Cuando se despertó en el hospital, el doctor, que al principio le pareció que tenía un aire al Gordo, le dijo que los muchachos le dejaban saludos y que con su intervención, algo casera y dolorosa, lo habían salvado. En el momento en que Hugo Ricardo se pudo reponer, tomar agua y constatar que ya respiraba bien, continuó escuchando al doctor que dejó de hablar de medicina para comentar asuntos de comida y sobre la manera de comer pescado:

- Comer pescado, como vender repuestos para los espejos de los autos, requiere una técnica y un aprendizaje. Hay que ir tranquilo y escuchar los consejos de los expertos como los muchachos que lo trajeron. Acá le dejaron este sobre como regalo. En el pago somos muy afectivos.

Hugo Ricardo volvía repuesto en el auto a la capital con unos días de retraso. Sabía que nadie lo iba a entender si contaba lo que había vivido. Intentaba conducir con concentración pero no podía. Miraba por los espejos del auto y no veía la ruta, sino las fotos del restaurante de Chiquito y el dorado que casi lo asfixió. Esperó llegar a su casa para abrir el sobre que le habían dejado.
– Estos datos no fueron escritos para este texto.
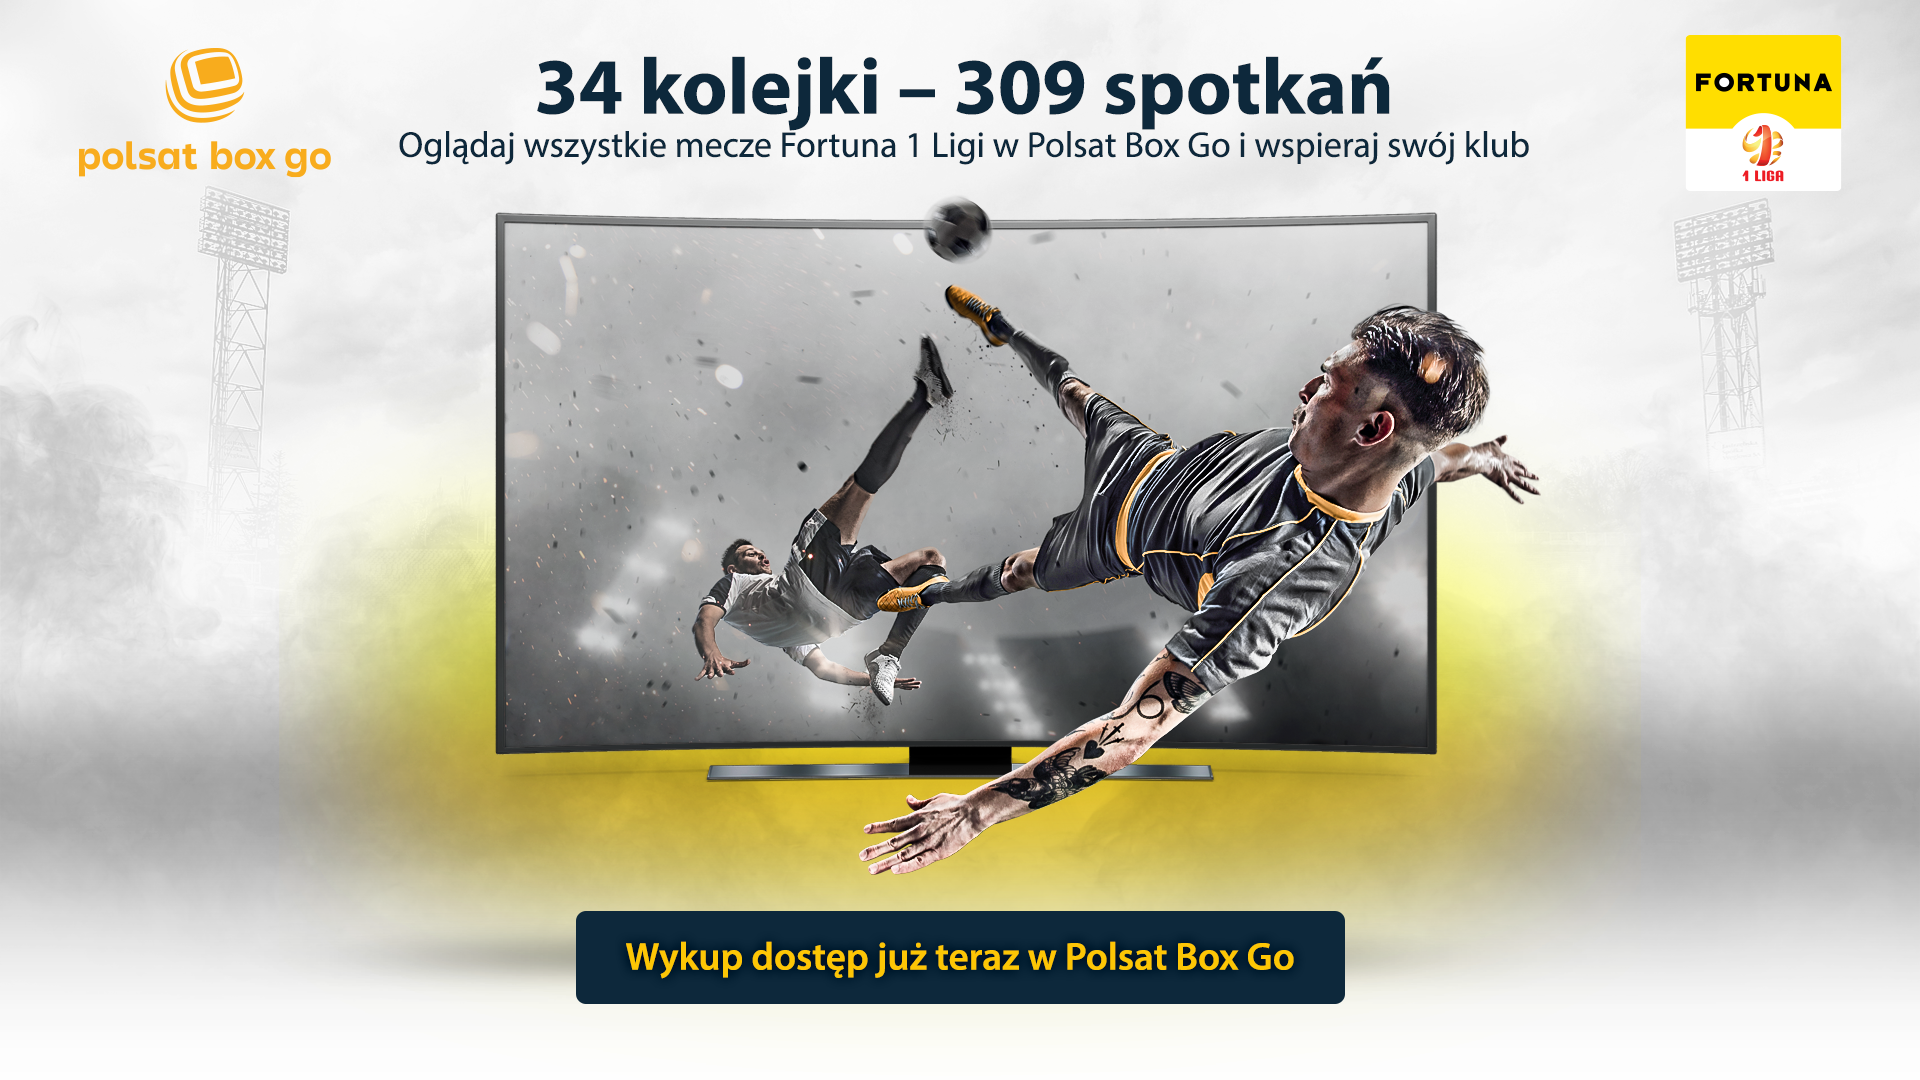 Rusza Polsat Box Go – zmiany w dostępie do transmisji spotkań Fortuna 1 Ligi

Cuando ya estuvo en su casa, en su mundo familiar y conocido, tuvo el valor de abrir el sobre. Como recuerdo de su cena le habían dejado la foto del boxeador con la mano levantada y con una mancha roja en la garganta. Después descubrió que en un costado de la foto habían pegado la espina. Todo había sido real. Mejor era intentar dormirse con la esperanza de encontrar un sueño blanco.